Like in 8265, the last slurmctld message before the hang was:

Apr 08 15:14:06 sh02-sl01.int slurmctld[83899]: _slurm_rpc_kill_job: REQUEST_KILL_JOB JobId=65088793 uid 254732
Apr 08 15:14:12 sh02-sl01.int slurmctld[83899]: _slurm_rpc_submit_batch_job: JobId=65107317 InitPrio=55433 usec=13098
Apr 08 15:14:13 sh02-sl01.int slurmctld[83899]: error: select/cons_tres: _compute_c_b_task_dist: oversubscribe for JobId=65101461

The job in question is here:
JobId=65101461 JobName=angela_varselRF
   UserId=[...](337380) GroupId=[...](30289) MCS_label=N/A
   Priority=16306 Nice=0 Account=[...] QOS=normal
   JobState=PENDING Reason=Resources Dependency=(null)
   Requeue=1 Restarts=0 BatchFlag=1 Reboot=0 ExitCode=0:0
   RunTime=00:00:00 TimeLimit=03:00:00 TimeMin=N/A
   SubmitTime=2020-04-08T13:54:01 EligibleTime=2020-04-08T13:54:01
   AccrueTime=2020-04-08T13:54:29
   StartTime=Unknown EndTime=Unknown Deadline=N/A
   SuspendTime=None SecsPreSuspend=0 LastSchedEval=2020-04-08T15:40:06
   Partition=owners,quake,normal AllocNode:Sid=sh02-ln02:92085
   ReqNodeList=(null) ExcNodeList=(null)
   NodeList=(null)
   NumNodes=1 NumCPUs=5 NumTasks=5 CPUs/Task=1 ReqB:S:C:T=0:0:*:*
   TRES=cpu=5,mem=124000M,node=1,billing=5
   Socks/Node=* NtasksPerN:B:S:C=5:0:*:* CoreSpec=*
   MinCPUsNode=10 MinMemoryNode=124000M MinTmpDiskNode=0
   Features=(null) DelayBoot=00:00:00
   OverSubscribe=OK Contiguous=0 Licenses=(null) Network=(null)
   Command=[...]forest/makeSmallForest.sh
   WorkDir=[...]forest
   StdErr=[...]forest/log/rf.err
   StdIn=/dev/null
   StdOut=[...]forest/log/rf.out
   Power=


After killing and restarting slurmctld, everything looks fine, I can query that job and the LastSchedEval timestamp is being updated, so it doesn't look like this particular job is the culprit, maybe just a coincidence.

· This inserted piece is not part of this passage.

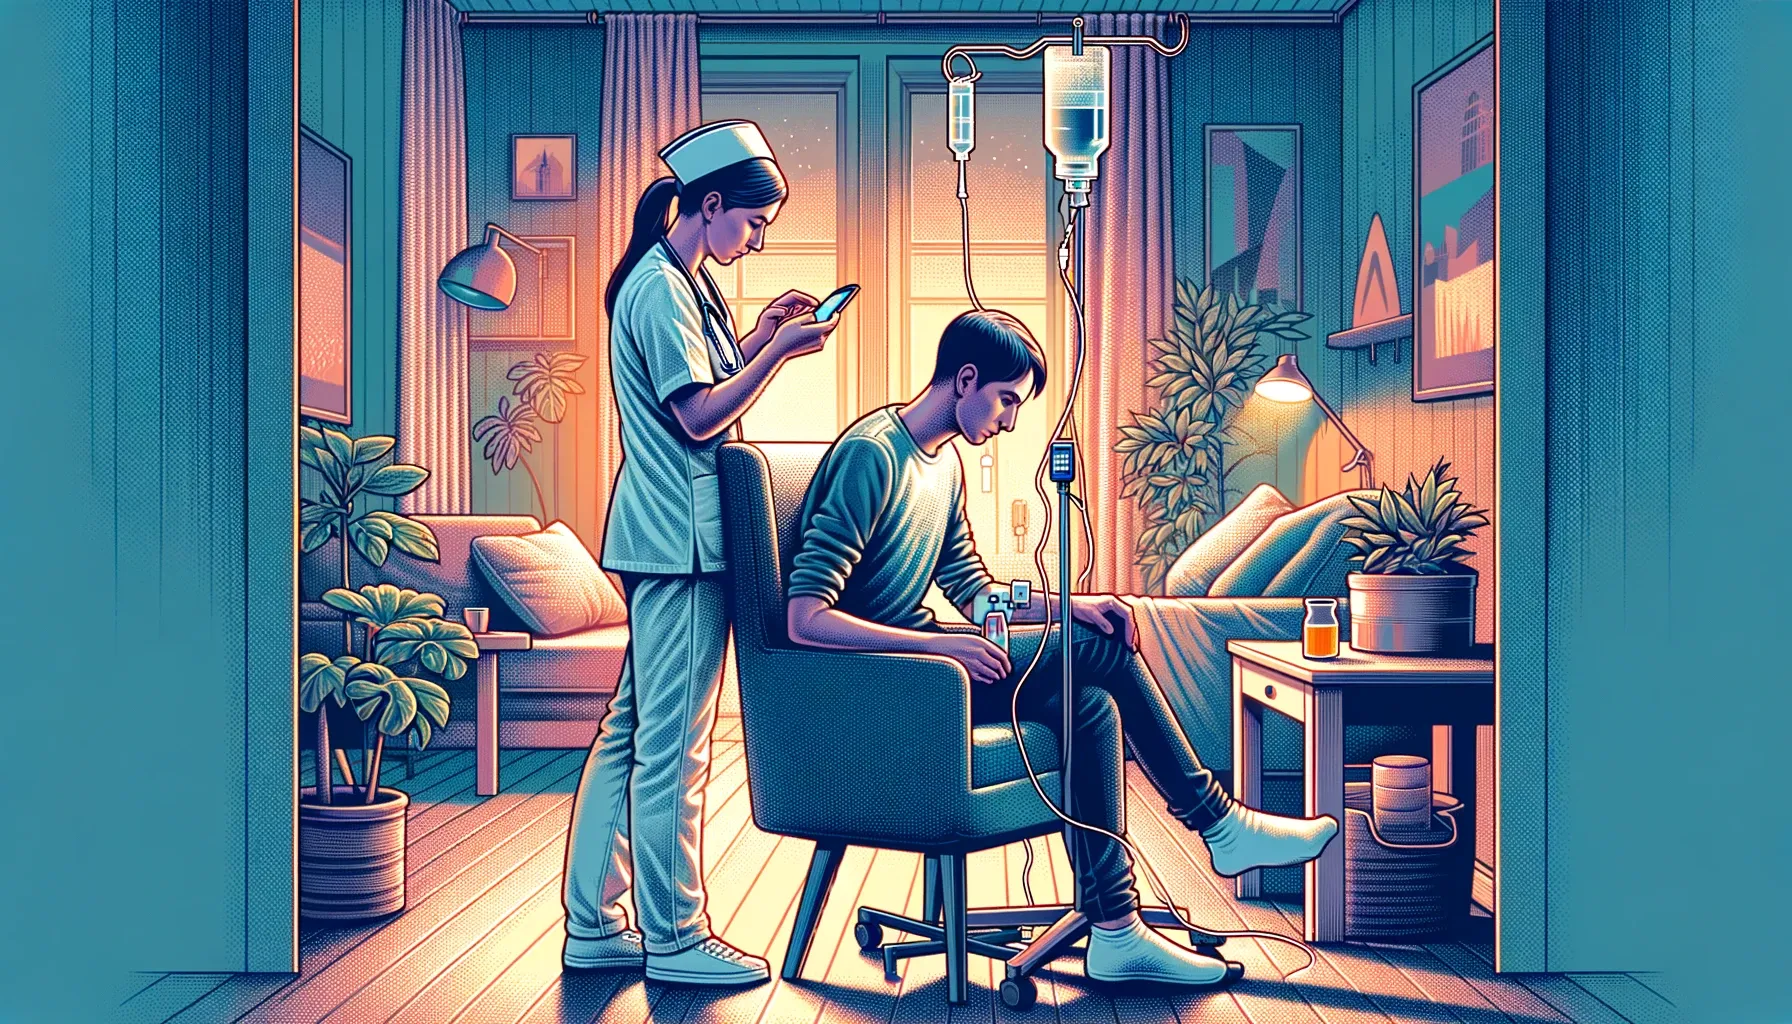 Illustration of a patient receiving IV medication at home

Anyway, I've saved a core dump of the blocked process. Here's the backtrace:

(gdb) bt
#0  0x00007fa6149812ce in pthread_rwlock_wrlock () from /lib64/libpthread.so.0
#1  0x00000000004701e5 in lock_slurmctld (lock_levels=...) at locks.c:125
#2  0x0000000000421542 in _agent_defer () at agent.c:1543
#3  _agent_init (arg=<optimized out>) at agent.c:1409
#4  0x00007fa61497ddd5 in start_thread () from /lib64/libpthread.so.0
#5  0x00007fa6146a702d in clone () from /lib64/libc.so.6

I'm attaching the output of "thread apply all bt full".

Thanks!
-- 
Kilian

Comment 1 Kilian Cavalotti 2020-04-08 18:23:30 MDT

Woops, spoke too soon, it did again with the same:
error: select/cons_tres: _compute_c_b_task_dist: oversubscribe for JobId=65101461

I'm gonna cancel that job, but that makes it really look like 8265 then. And we're running 19.05.6, which I believe include 8265's fix.

Thanks!
-- 
Kilian

Comment 2 Marcin Stolarek 2020-04-09 02:12:22 MDT

Created attachment 13681 [details]
continuation of 6dcb598c6b9(v1)

Kilian,

It looks like in Bug 8265 we've lost part of the real fix in patch rewrites.
The attached patch should fix the infinite loop you're hitting now, could you please verify?

cheers,
Marcin

Comment 3 Kilian Cavalotti 2020-04-09 13:17:50 MDT

Hi Marcin, 

(In reply to Marcin Stolarek from comment #2)
> It looks like in Bug 8265 we've lost part of the real fix in patch rewrites.
> The attached patch should fix the infinite loop you're hitting now, could
> you please verify?

Thanks! Patch is applied and deployed.

Is there a way we can test it and make sure the problem is fixed? 

Cheers,
-- 
Kilian

Comment 4 Marcin Stolarek 2020-04-09 14:17:36 MDT

Kilian,

I may be exactly the job you found in Bug 8265. Unfortunately, we failed to reproduce it in the test environment(I think it has something to do with MaxMemPerCPU resulting in increased number of CPUs per task + some specific node allocation prior to its resources selection) and most important...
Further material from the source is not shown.